(INPUT DATA):
======
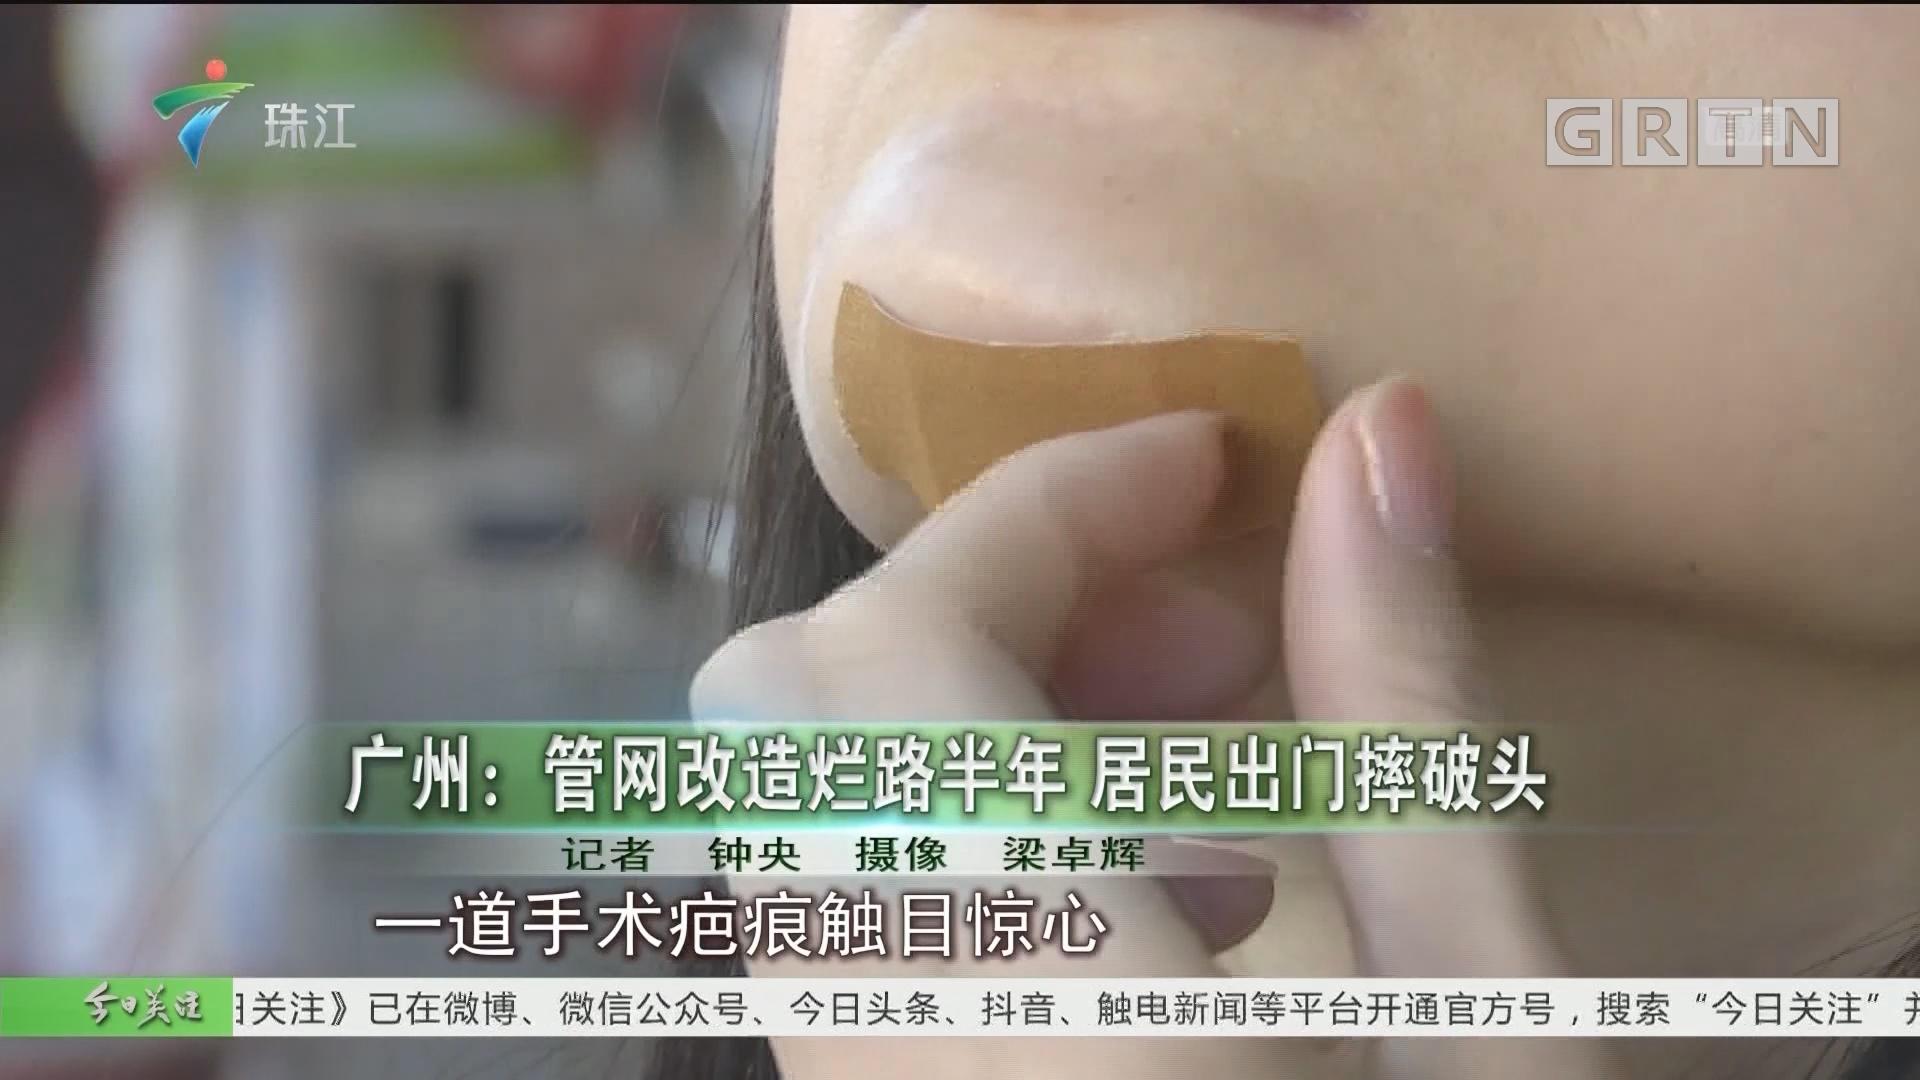 广州:管网改造烂路半年 居民出门摔破头
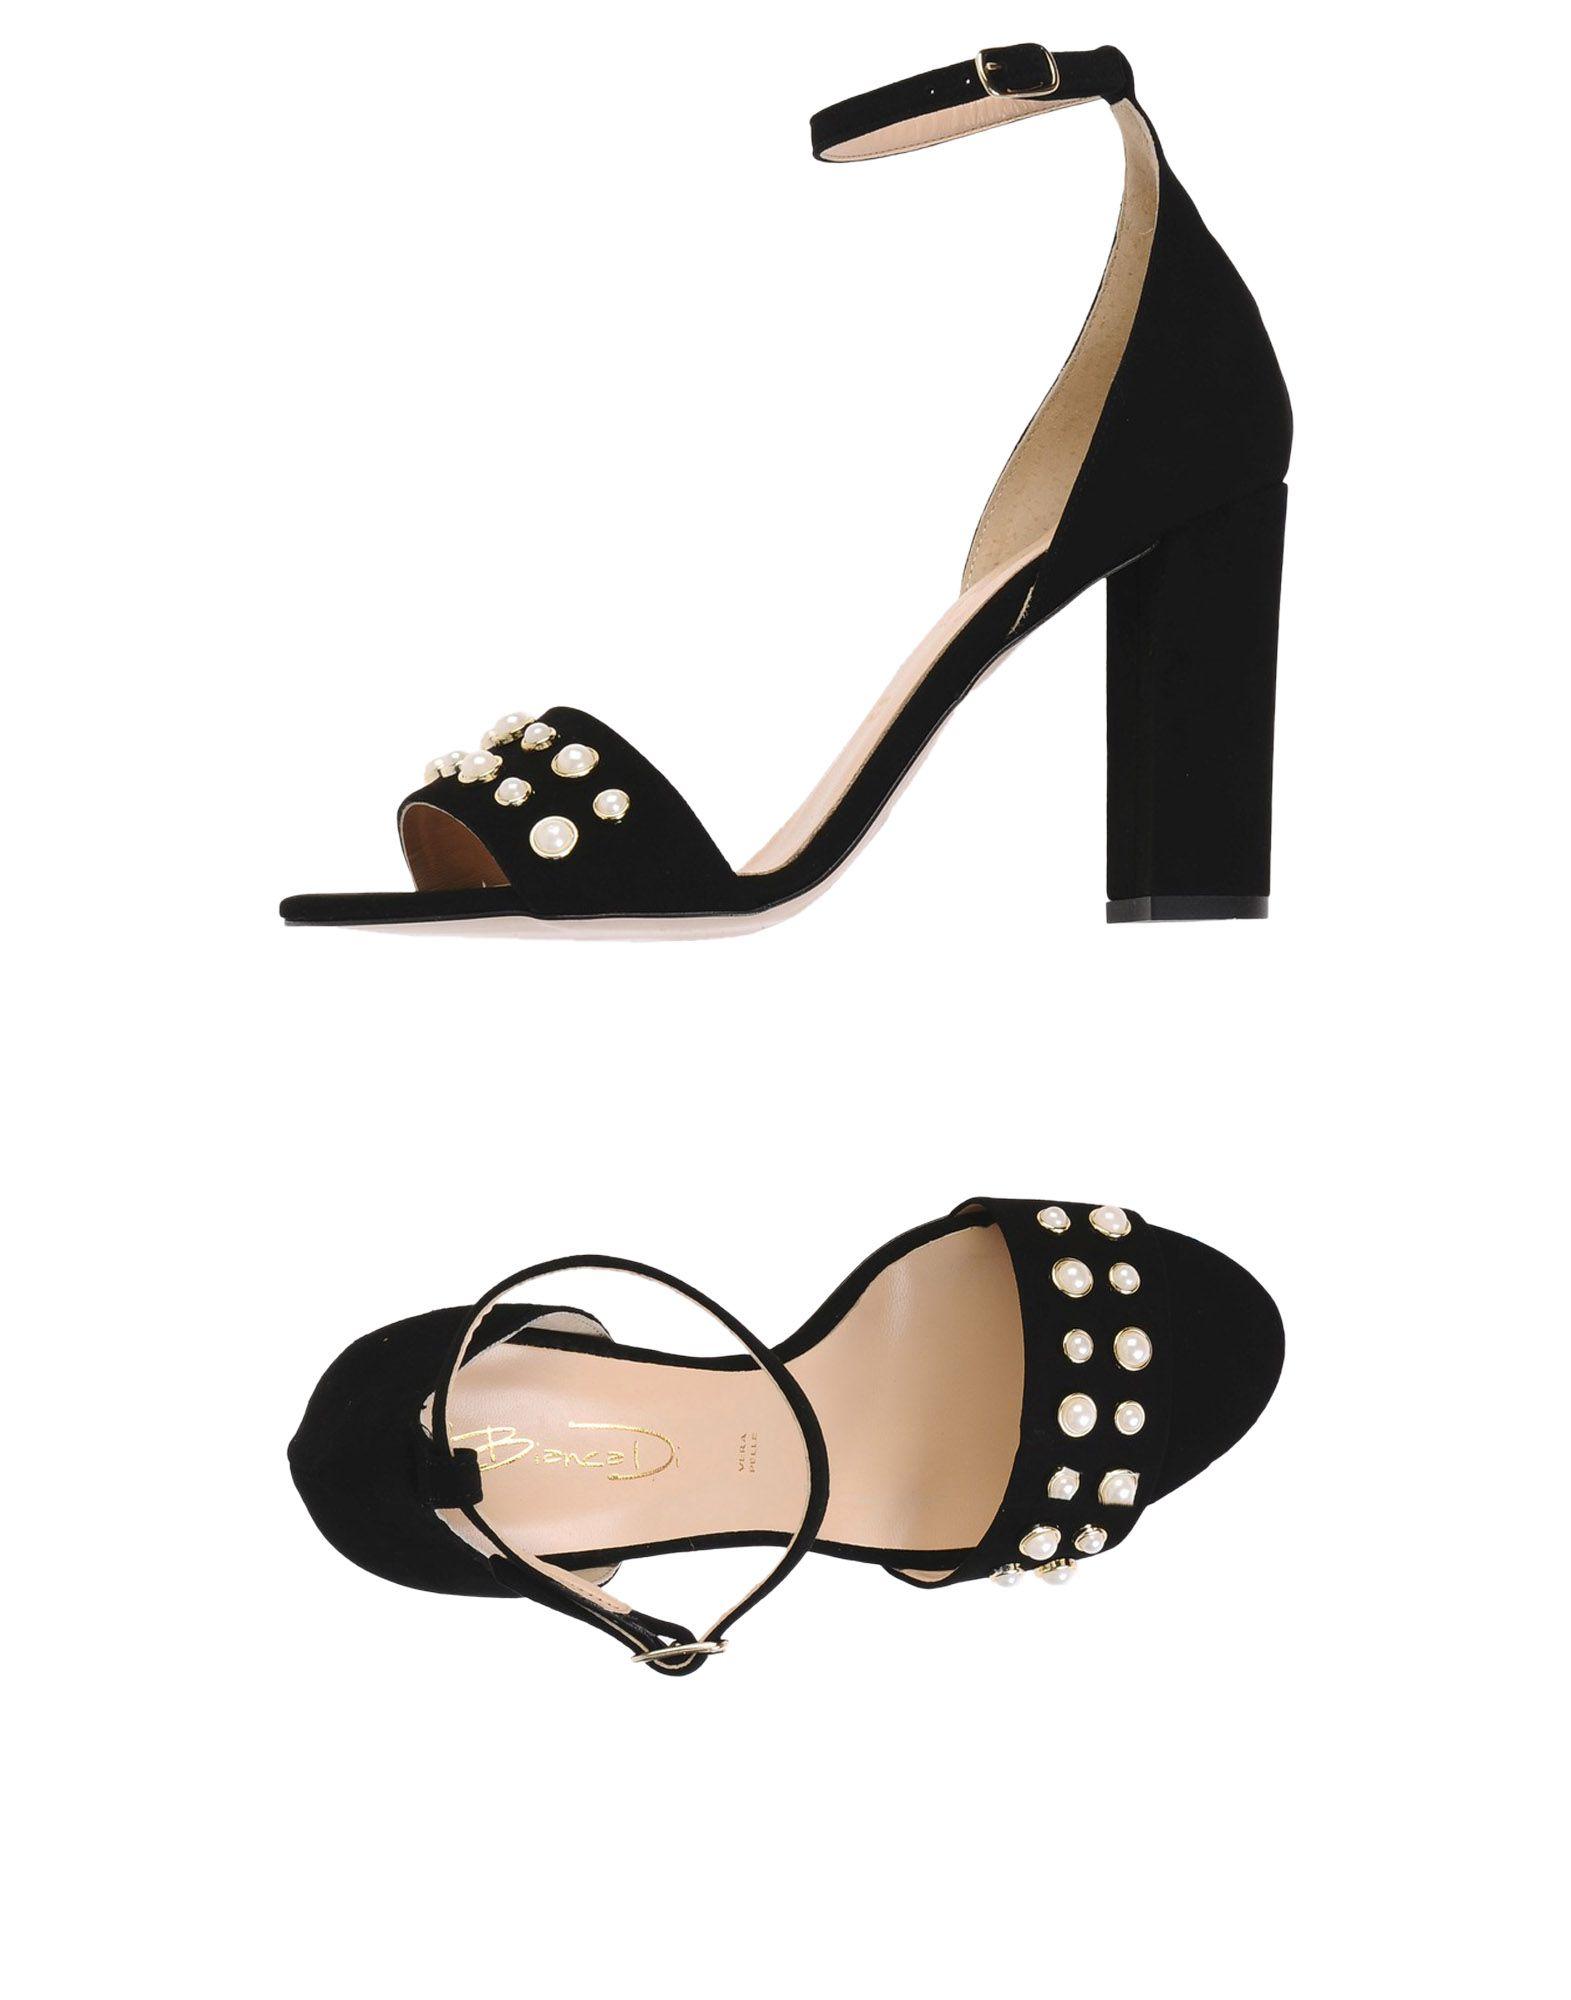 Bianca Di Sandalen Damen  11452749WV Gute Qualität beliebte Schuhe
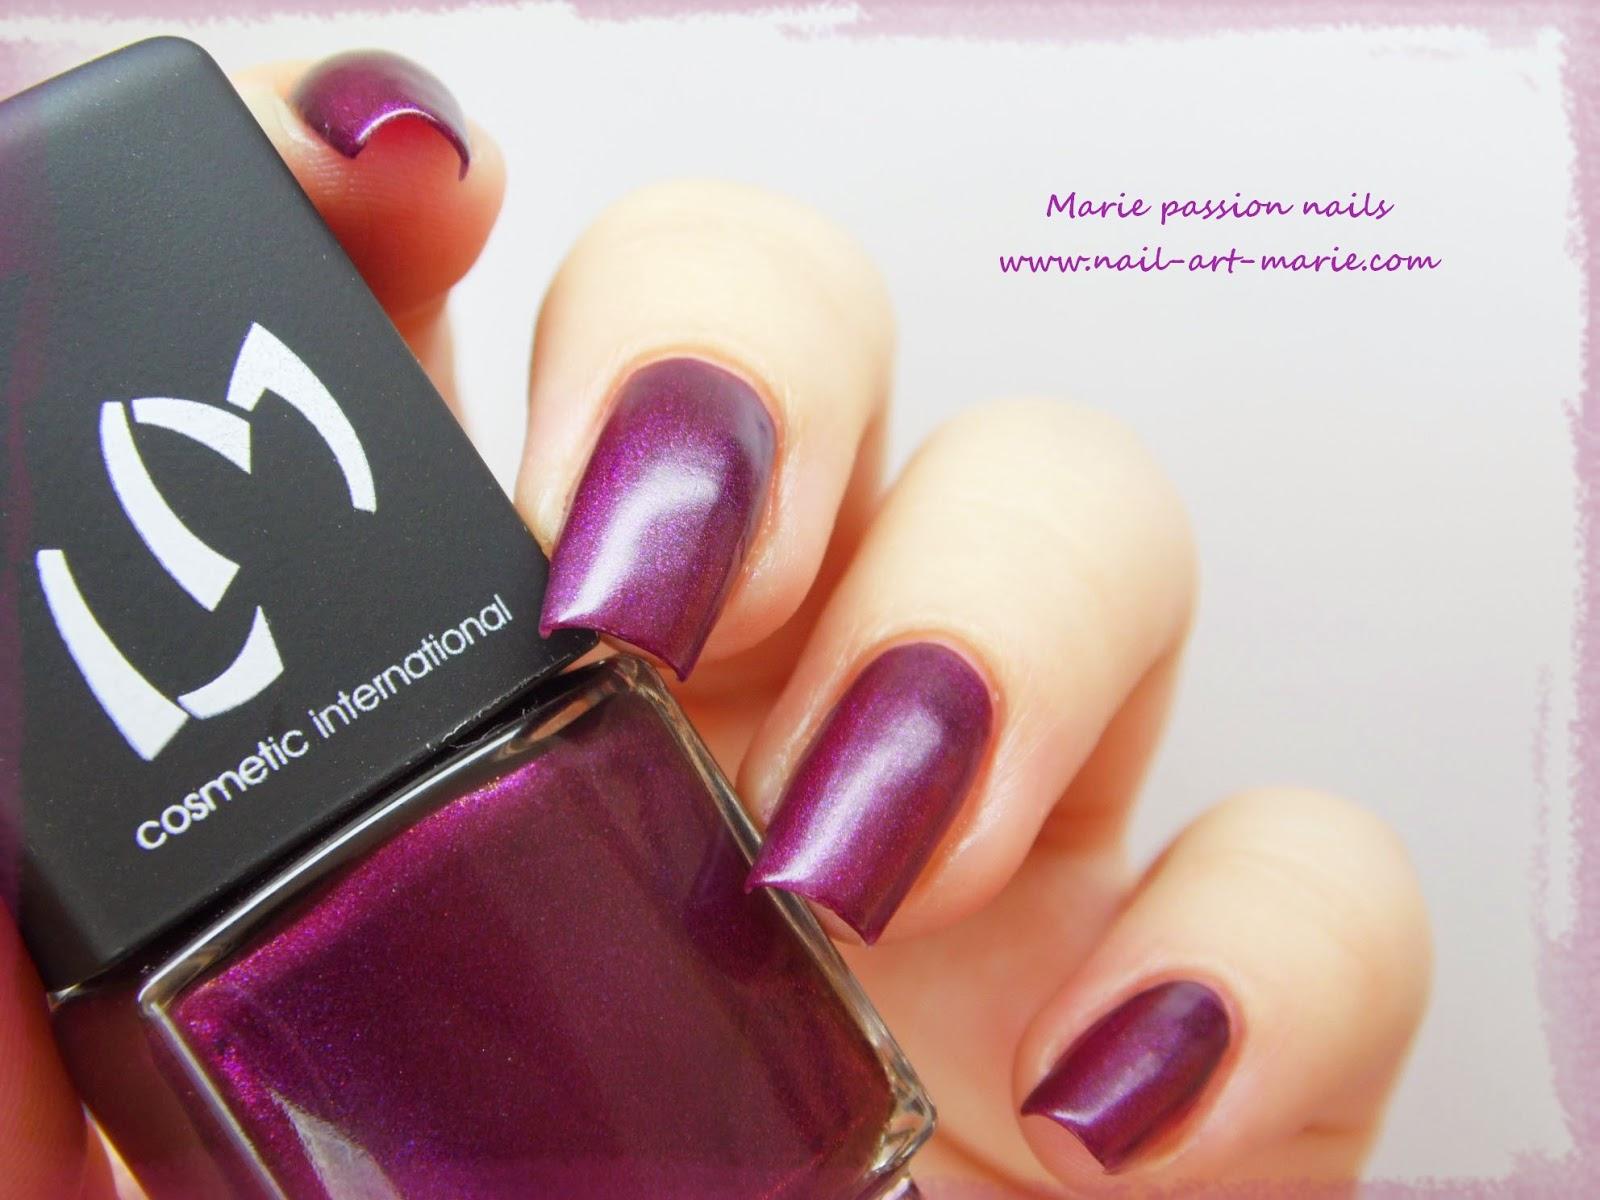 LM Cosmetic Veloura7
======
Images are to be omitted; repeat the remaining data above exactly.

 广州:管网改造烂路半年 居民出门摔破头
 Bianca Di Sandalen Damen  11452749WV Gute Qualität beliebte Schuhe
 LM Cosmetic Veloura7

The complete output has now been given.